Add the below to .git/config:
[diff]
tool = "auto"
[difftool "auto"]
cmd = git-auto-diff.sh $LOCAL $REMOTE
Save the below bash script somewhere in your $PATH:
git-auto-diff.sh:
#!/bin/bash
DIFF=meld
if [[ $# -ne 2 ]]; then
echo "Usage: $(basename $0) <FILE1.EXT> <FILE2.EXT>"
exit 1
fi
FILE1=$1
FILE2=$2
EXT1=${FILE1##*.}
EXT2=${FILE2##*.}
if [[ $EXT1 != $EXT2 ]]; then
echo "Extensions don't match, fallback to $DIFF"
$DIFF $FILE1 $FILE2
exit
fi
TEXTCONV=$(git config --get diff.$EXT1.textconv)
if [[ $? -ne 0 ]]; then
echo "'$EXT1' textconv not found, fallback to $DIFF"
$DIFF $FILE1 $FILE2
exit
fi
$DIFF <($TEXTCONV $FILE1) <($TEXTCONV $FILE2)
The script checks that both file extensions are equal, there is a known textconv for it, converts both file and runs the default diff tool, which is meld in my case. Otherwise, it falls back to the default diff tool.
Now you can run:
$ git difftool de8f24e f02d3c0
$ git difftool 07e90fe 31cb76d
And it works! I’m not going to claim that this is a production ready solution, but as a prove of concept it works just fine.

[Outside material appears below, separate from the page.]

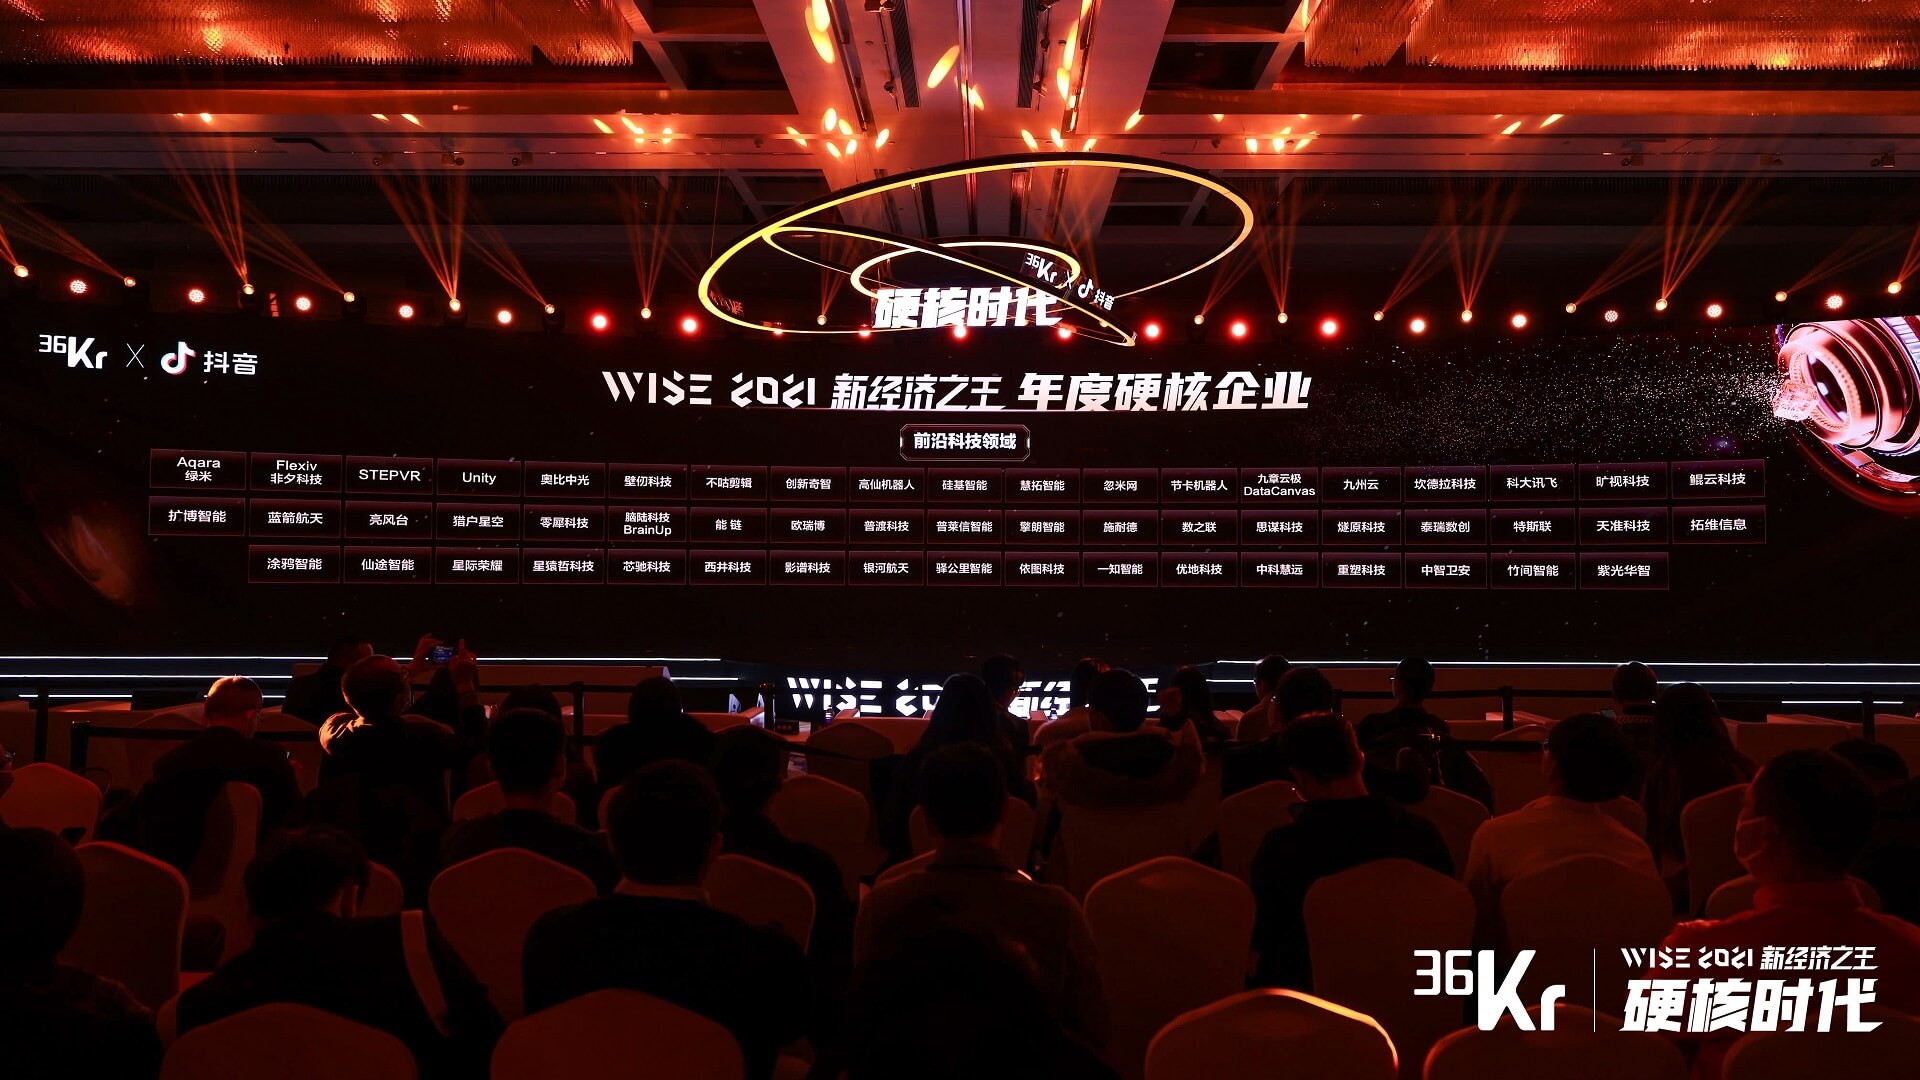 WISE 2021新经济之王 年度硬核企业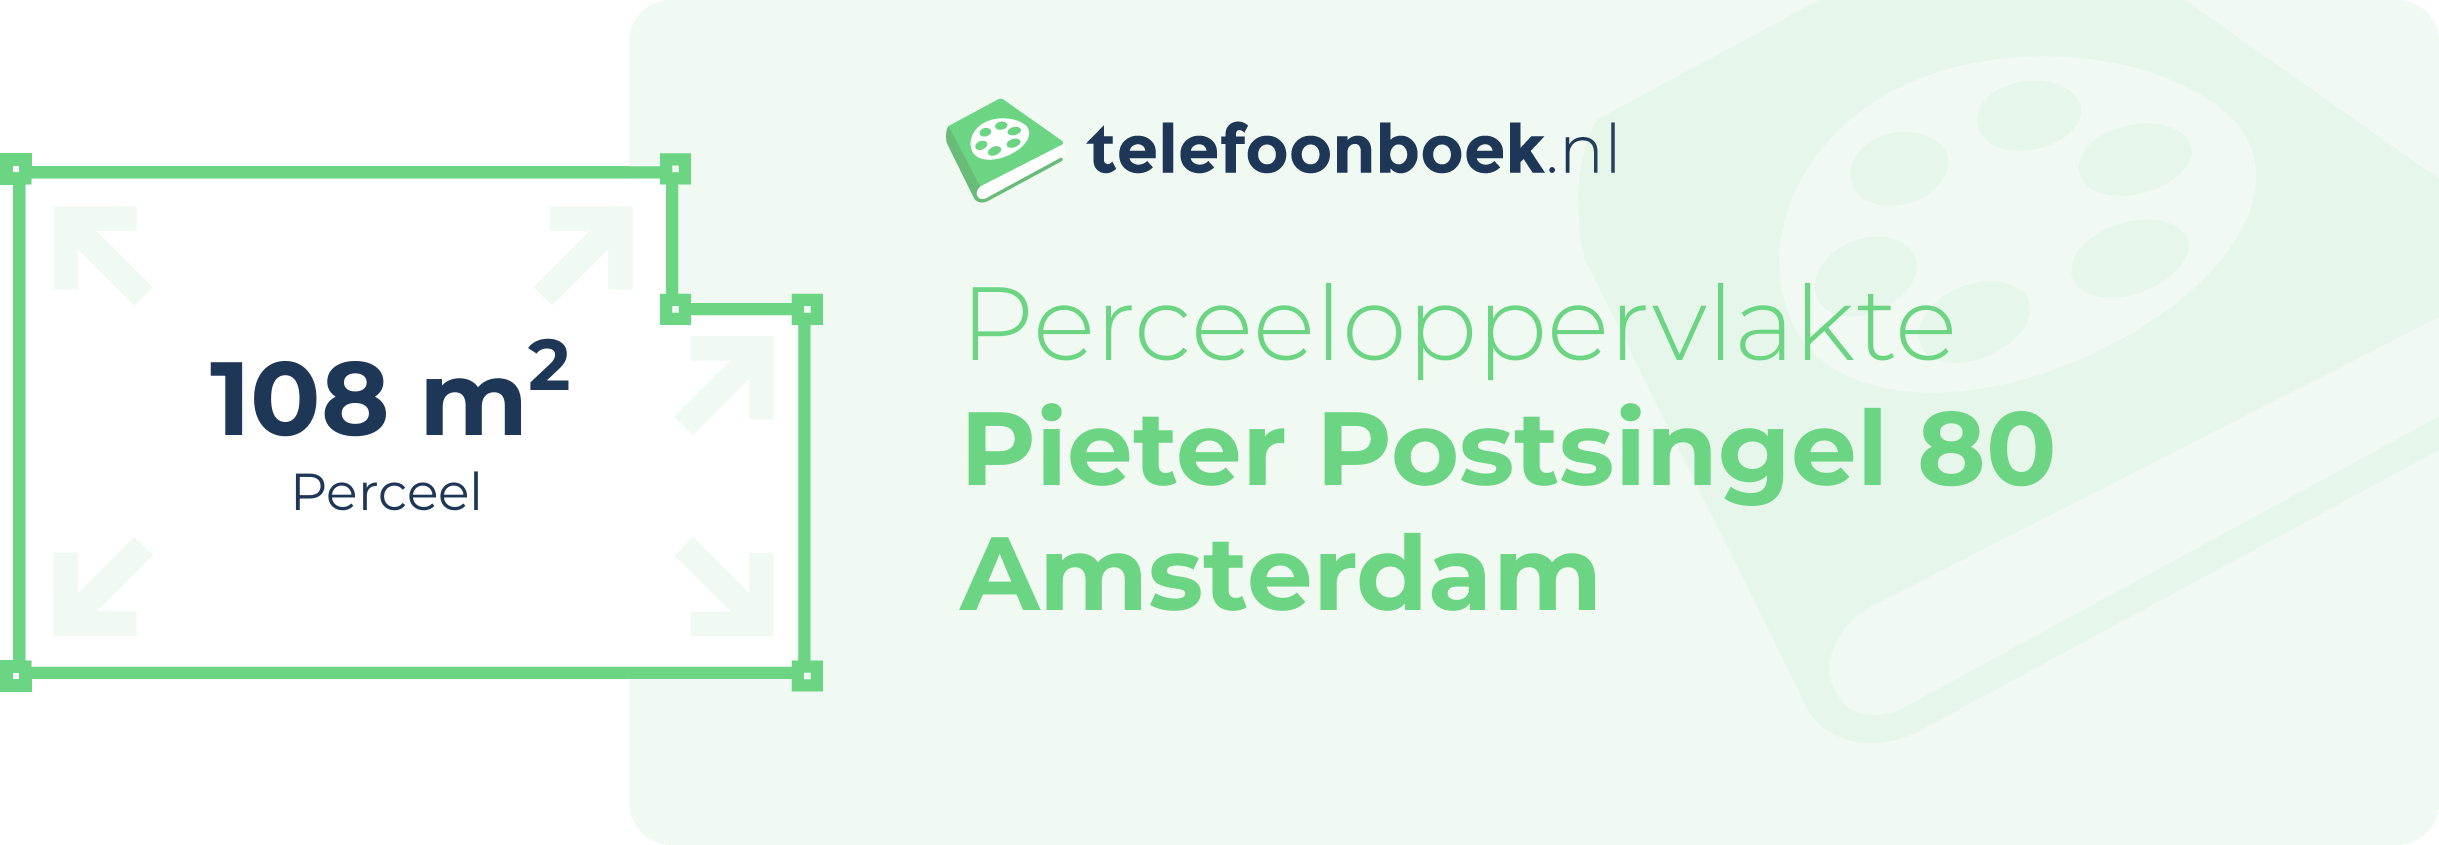 Perceeloppervlakte Pieter Postsingel 80 Amsterdam

Still, I found that unoconv is not stable for this use case and something simpler like Gnumeric or xlsx2csv should be used instead.
Code
You can find the code here.
$ git clone https://github.com/ten0s/blog-code.git
$ cd blog-code/git-difftool-and-binaries-files
$ git config --local include.path $PWD/.gitconfig
$ sudo apt install meld pandoc unoconv
Copy git-auto-diff.sh to $PATH and you are all set!